Abihiko's fist closed around the seashell like a grave.

"Aomi," he gritted out. "What the hell."

Nekohiko knew only that he was being carried somewhere with a clear purpose. He had received his small shot of satisfaction when Abihiko recognized the shape of the Kitten's Paw on him, but now he was getting worried.

Abihiko wouldn't just throw him in the fire, would he? He looked even more pissed now than when he'd listened to Kataji letter... His fist around him was trembling; Nekohiko felt it with his whole body.

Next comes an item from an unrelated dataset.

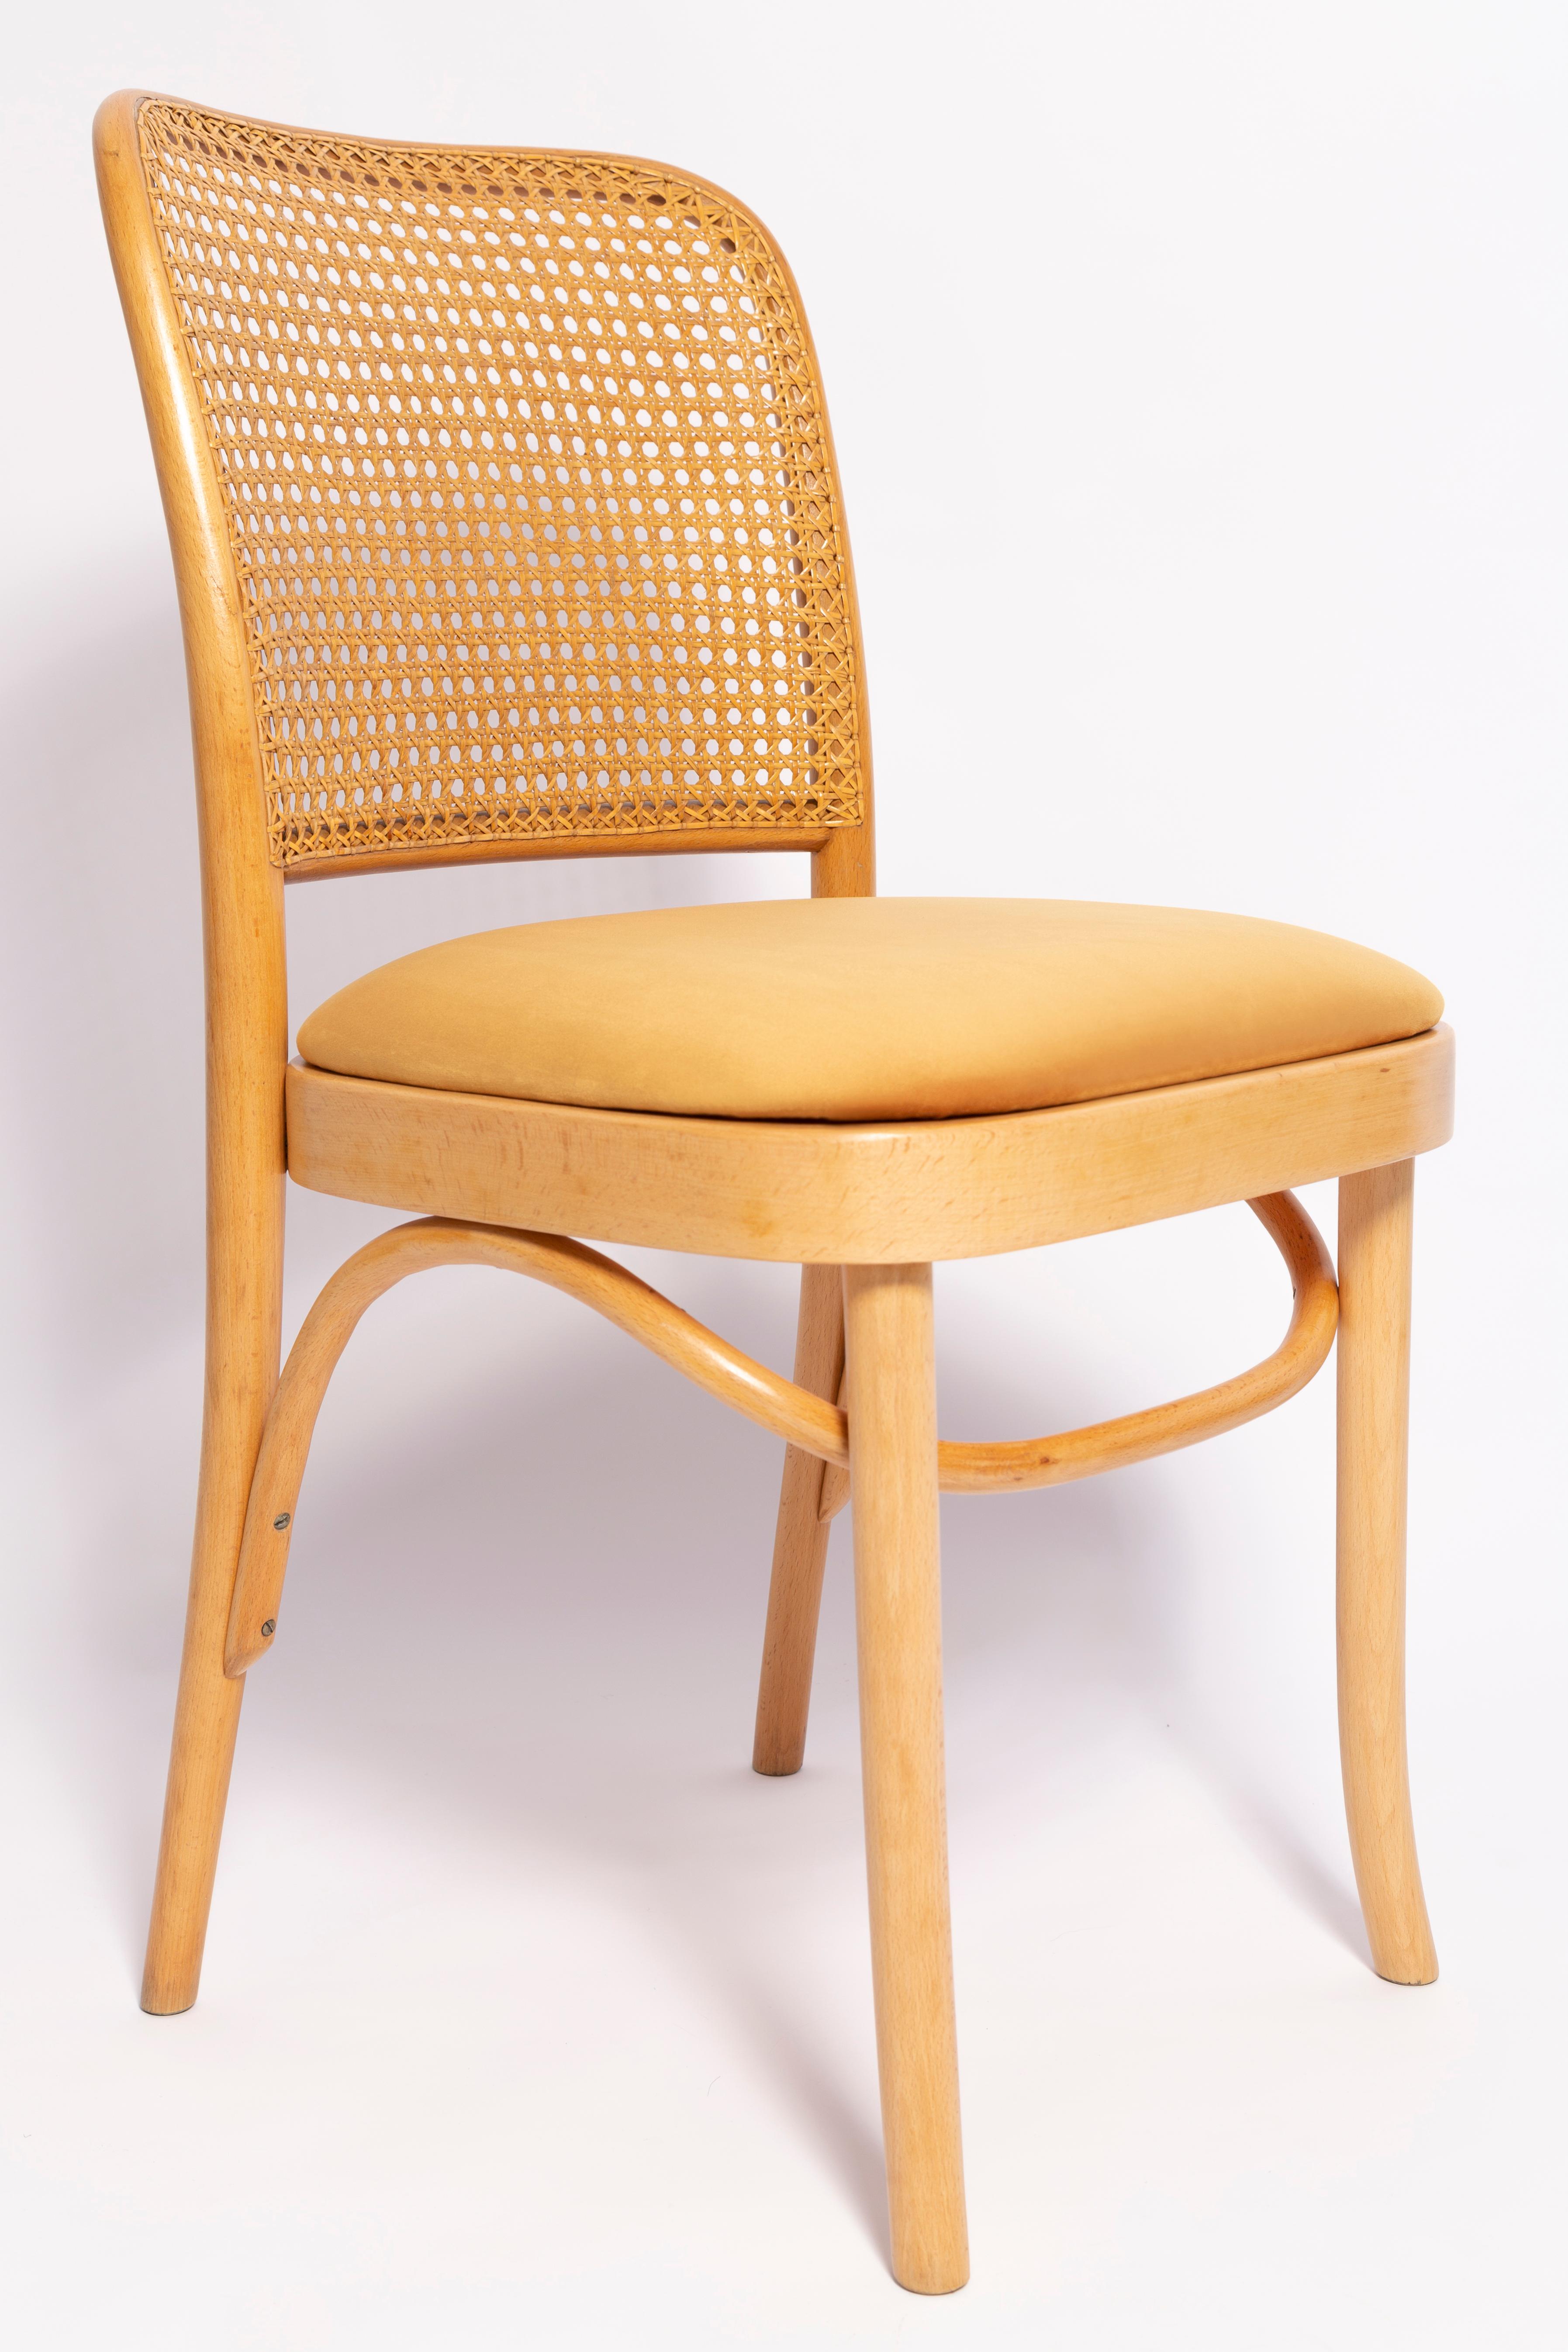 Polish Set of Six Mid Century Yellow Velvet Thonet Wood Rattan Chairs, Europe, 1960s For Sale

A cabinet's door creaked open, and Abihiko finally opened his palm again. Only to dump Nekohiko into a small box with what felt like jewelry and trinkets. A gaze full of hatred stamped him down as Abihiko glanced at him one last time. Then, with a decisive slam, he put a lid over the box. He stuffed the box back into the cabinet. Then he clanged the cabinet's doors shut.

He added what sounded like a punch to the closed cabinet on top of all that, too.

Nekohiko was dizzy with being thrown around and shaken up so much, so he could only keep himself completely still. Trying to absorb the utter mess that had just happened to him.

He listened with rising frustration to Abihiko's footsteps fading further and further away. Then switched his consciousness back to his lived-in, cozy cat body to shake off the freakishness of the Palace and of Abihiko and of everything he'd seen and heard there.

His spooked heart eased down only after a few breaths. Still shocked, he whispered into the dark, sleepy compartment inside the gently swaying Line,

"Damn, what a freak."

Would Nekohiko even need to come up with any specific plan of enacting his revenge on him? It looked as though Abihiko would wither down and die on his own any moment now. Or that, instead, he might have a complete mental break down very, very soon.

In both these cases, of course, Nekohiko could gladly help him get there faster.